The typical holding of ten hides may perhaps be usefully regarded, from a fiscal point of view, as a unit for purposes of revenue, at a time when that revenue under tribal custom consisted chiefly of food rents paid in kind for the King’s or the chieftain’s use.
Clause 70 of the Dooms of Ine fixes in detail the food rent of ‘ten hides’ ‘to fostre’ or ‘on feorm.’
If the unit of ten hides were not the customary unit for these food rents on the Royal domains why should the details of the food rent of ten hides have been made the subject of an isolated clause like this?
Land grants of 10 hides.
Again, if we turn to the grants made by King Ine to the monasteries, they become intelligible if the system of management of the Royal domains in units and multiples of ten hides may be understood to underlie them. When Ine grants to Aldhelm, then Abbot of Malmesbury, ‘45 cassati’ in the county of Wilts, the grant is found to consist of groups of ‘manentes’ in four different places. And the groups consist of 5, 20, 10, and 10.[262] When Ine makes a grant to Abbot Bernald of land in Somersetshire it consists of three groups of 20, 20, and 20 cassati or manentes from three different estates.[263] And when he makes a similar grant to Glastonbury it consists of 10, 10, 20, 20 hides and one hide in five different places in Somersetshire.[264]

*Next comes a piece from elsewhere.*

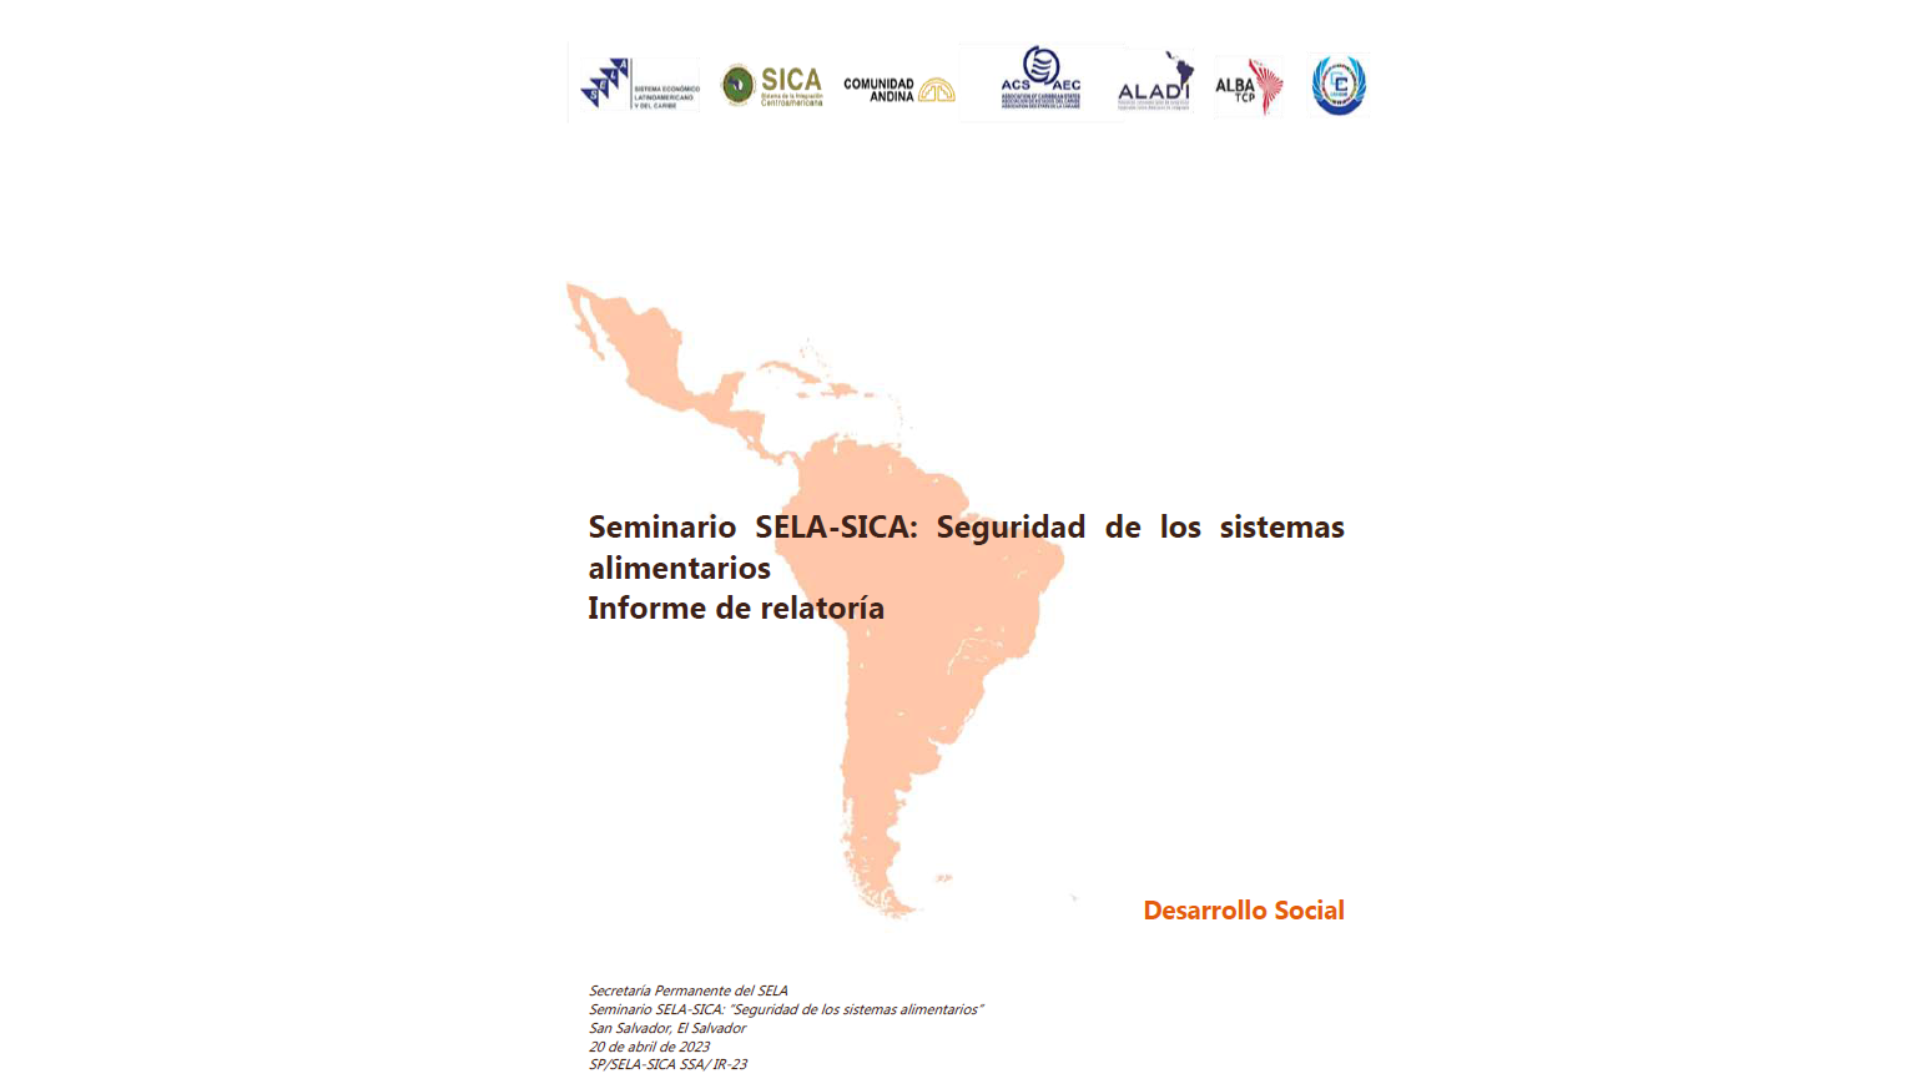 Seminario SELA-SICA: "Seguridad de los sistemas alimentarios" Informe de relatoría

So also when Bede mentions the donations by King Oswy to the Abbess Hilda of 12 possessiuncula terrarum he adds that six were in the province of Deira and six in Bernicia and that each of them consisted of 10 familiæ, so that in all there were 120.[265]
Now it would seem that as ealdormen were set over shires so gesithcund men may have been set over smaller units of 10 hides or multiples of 10 hides, holding them as lænland, not only for services rendered, but also with some kind of subordinate official or even judicial functions.
Official position of the gesithcundman.
Schmid long ago pointed out that the translator of Bede in six passages translated the Latin comes by ‘gesith’ or ‘gesithcundman.’[266] This seems to imply that his position was in some sense an official one, subordinate indeed to the ealdorman’s, as we may also learn from the translator of Bede. For while he translates the ‘villa comitis’ of Bede as the ‘gesith’s hus’ he translates the ‘villa regis’ as the residence of the king’s ealdor (‘botl cyninges ealdor’).[267]